Search strategy and data extraction
TAC and LMTdS systematically searched PubMed, Embase and Web of Science from inception to April 2025 with the following search terms: “left ventricle”, “left ventricular”, “LV”, “clot”, “thrombus”, “thrombi”, “thrombosis”, “intracardiac thrombus”, “DOAC”, “NOAC”, “direct anticoagulant”, “direct anticoagulants”, “direct oral anticoagulant”, “direct oral anticoagulants”, “oral anticoagulation”, “new oral anticoagulant”, “novel oral anticoagulant”, “novel oral anticoagulants”, “non-vitamin K antagonist oral anticoagulant”, “NVKOA”, “factor Xa inhibitor”, “inhibitor factor Xa”, “direct factor Xa inhibitor”, “direct factor Xa inhibitors”, “direct-acting oral anticoagulant”, “anticoagulant direct-acting oral”, “direct acting oral anticoagulant”, “direct-acting oral anticoagulants”, “direct acting oral anticoagulants”, “direct thrombin inhibitor”, “direct thrombin inhibitors”, “apixaban”, “dabigatran”, “edoxaban” and “rivaroxaban”, along with the Cochrane sensitive search for randomised studies.
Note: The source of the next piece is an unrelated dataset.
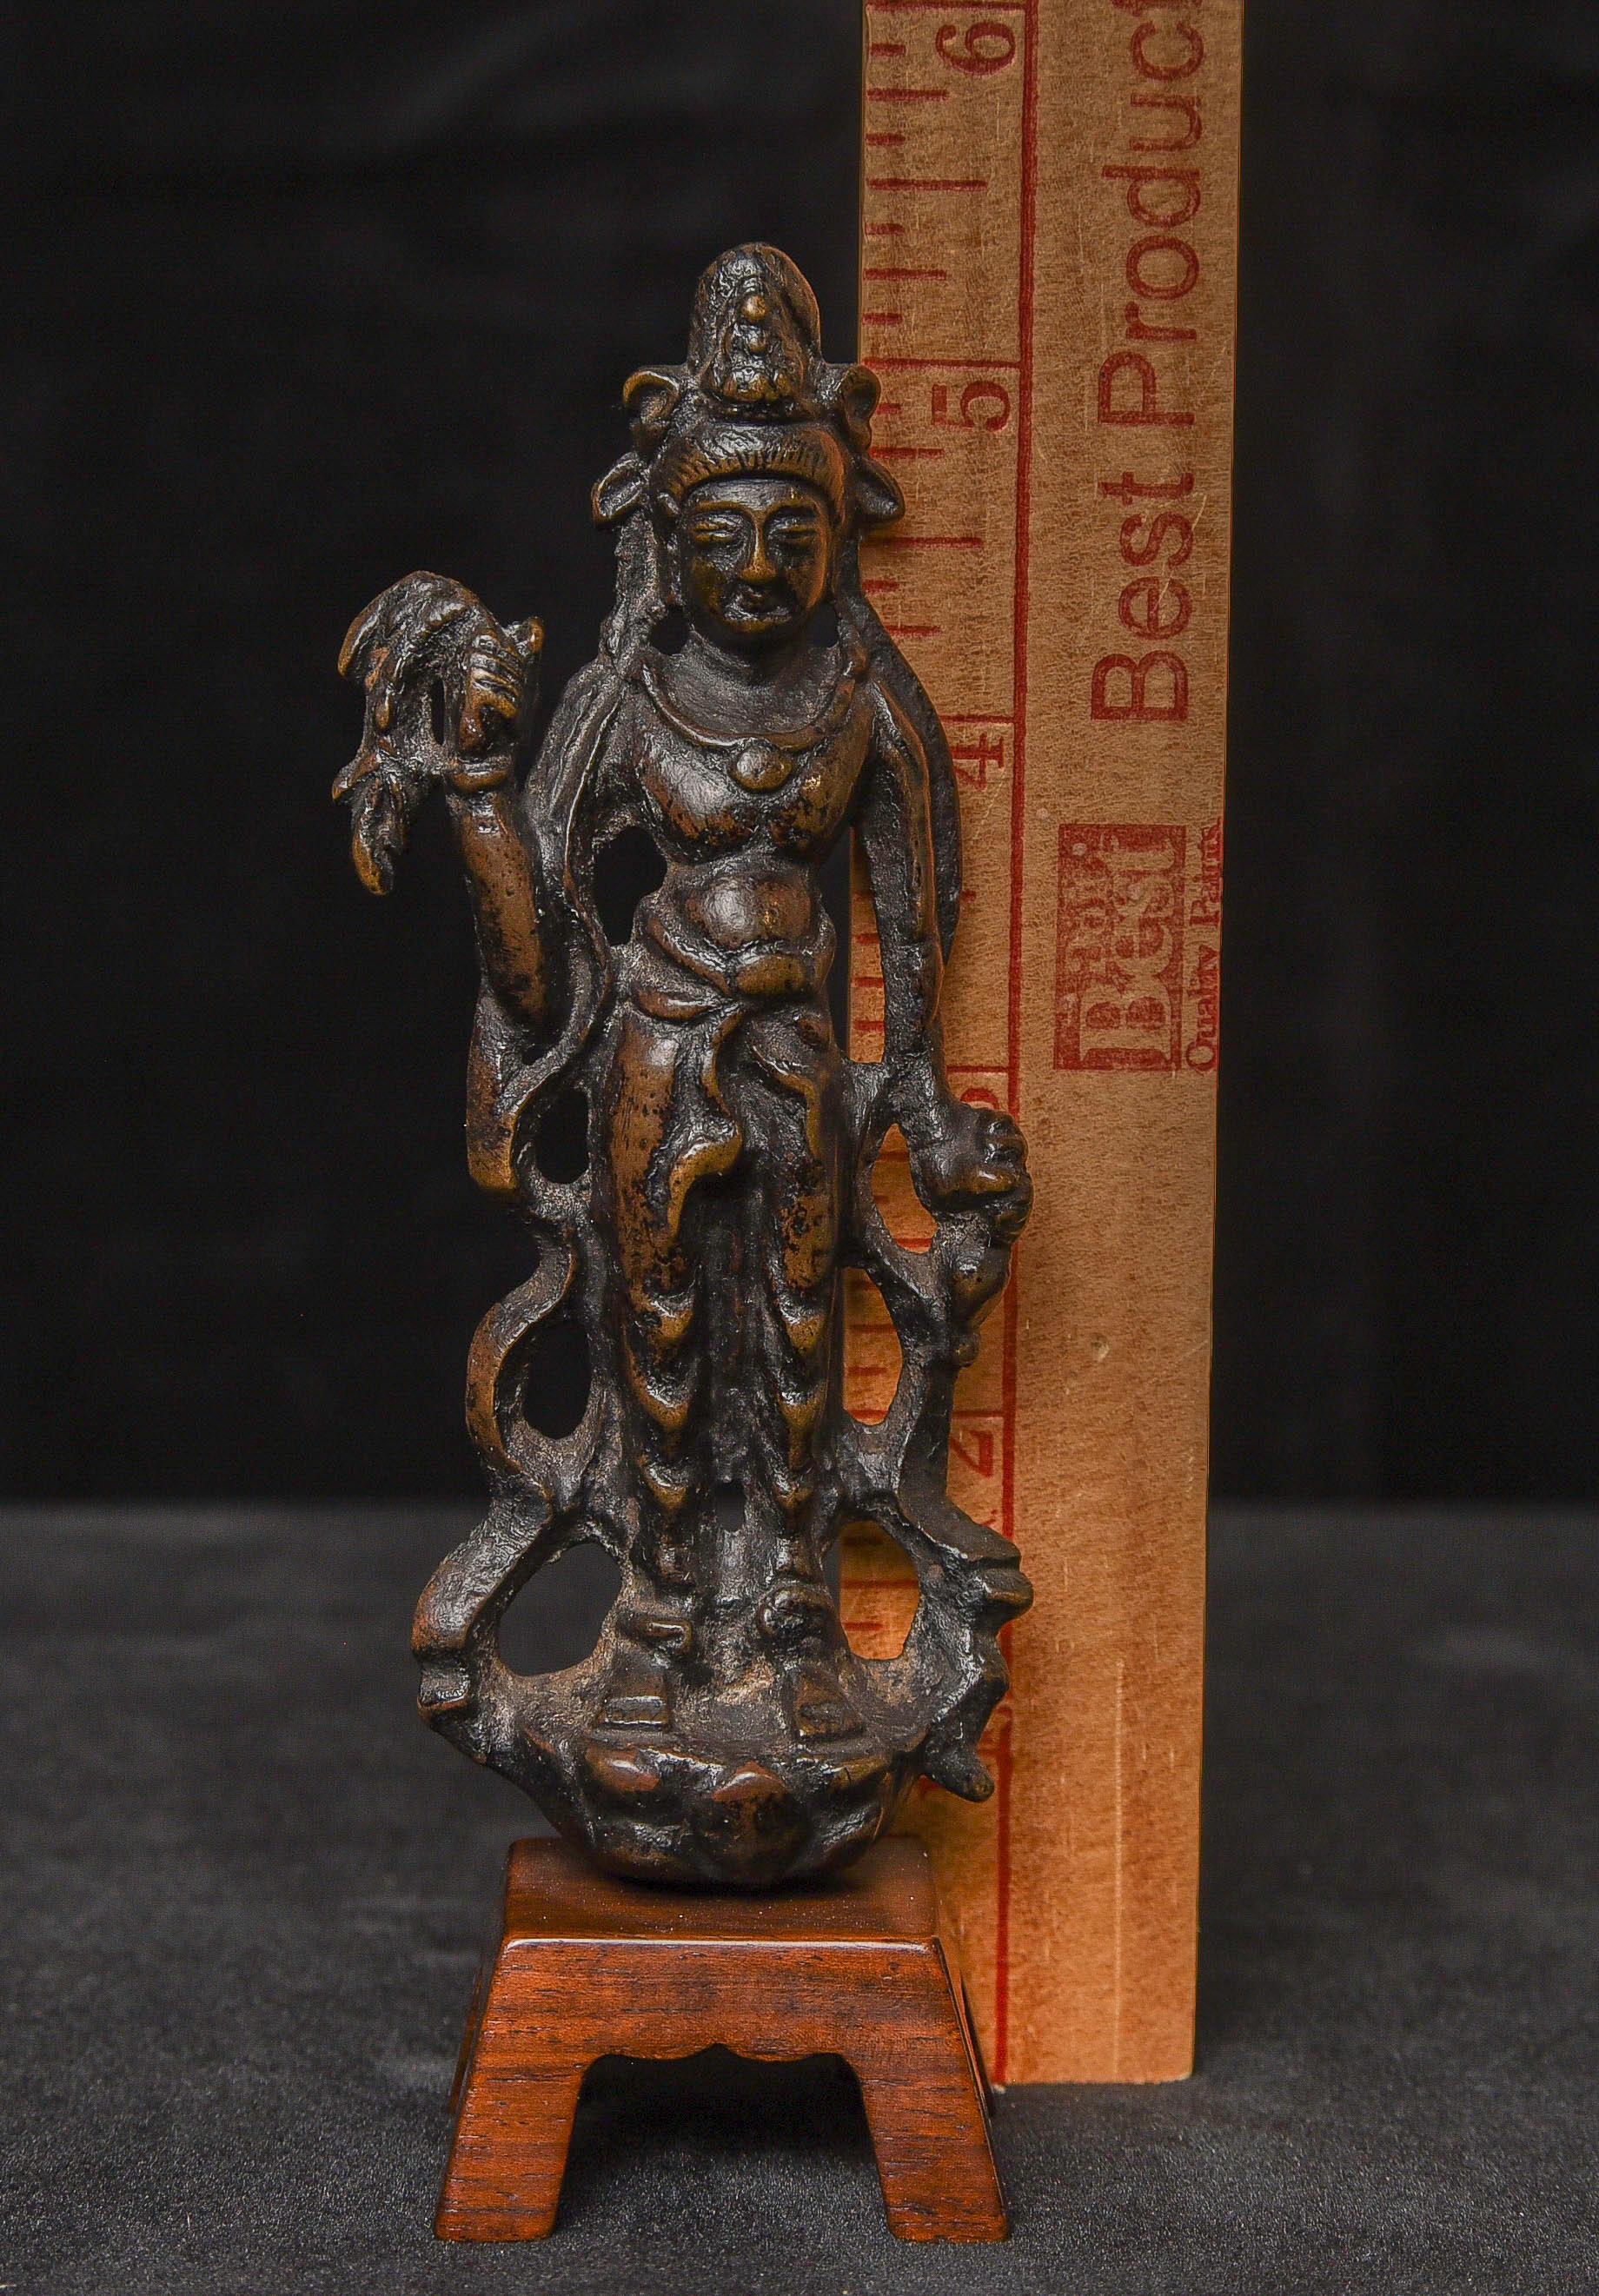  6-9th C Chinese Bronze Bodhisattva of Compassion from the Tang Dynasty - 9685 In Good Condition For Sale In Ukiah, CA

We applied no language or date restrictions, nor did we use any filters for the search in any database. The references from all included studies, previous systematic reviews and meta-analyses were also searched manually for any additional studies.15 Two authors (TAC and LMTdS) independently selected the studies following predefined search criteria and quality assessment.
Eligibility criteria
Inclusion in this meta-analysis was restricted to studies that met all of the following eligibility criteria: (1) RCTs or post-hoc analyses of RCTs; (2) comparing a DOAC (eg, apixaban, dabigatran, edoxaban or rivaroxaban) with warfarin; (3) enrolling persons with proven LV thrombus, with diagnosis based on the definitions and imaging criteria reported in the original studies and (4) reporting outcomes of interest. We excluded studies with no control groups.
Endpoints
The main outcome of interest was LV thrombus resolution. Secondary outcomes included major adverse cardiac events (MACE: defined as a composite of death from cardiovascular causes, MI or stroke or systemic emboli), all-cause mortality (ACM), stroke or systemic emboli, need for rehospitalisation and major bleeding.
Quality assessment
Quality assessment of RCTs and their post-hoc analyses was performed by two authors (GCLC and BLLdS) using the Cochrane Collaboration’s tool for assessing risk of bias in randomised trials version 2 (RoB 2).16
Statistical analysis
We pooled the absolute (crude) number of events from individual studies to estimate risk ratios (RRs) with 95% CIs for binary endpoints. P values <0.05 were deemed significant for treatment effects. We assessed the heterogeneity of included studies using Cochran’s Q test and the Thompson I² value, with p values <0.10 deemed significant for the Cochran’s Q. I² values were interpreted as low (<25%), moderate (25% to <50%), substantial (50% to <75%) and considerable heterogeneity (≥75%).17 We applied a restricted maximum likelihood random-effects model for all outcomes to account for methodological and demographic heterogeneity across included studies, as per Cochrane recommendations.14 18
To assess the robustness of our findings, we performed several sensitivity analyses. We first conducted leave-one-out sensitivity analyses to investigate the influence of individual studies in the pooled analyses and identify potential outliers that could influence the observed overall effect size. We then applied a treatment-arm continuity correction (TACC) as an alternative to the standard 0.5 continuity correction for zero-event studies. Next, we performed meta-analyses using the Hartung-Knapp-Sidik-Jonkman (HKSJ) method to improve type I error control in small samples. For outcomes with very low event rates, we estimated the risk difference (RD) with 95% prediction intervals to illustrate the expected dispersion in future studies. Finally, we explored generalised linear mixed models (GLMM) for rare or zero-event outcomes.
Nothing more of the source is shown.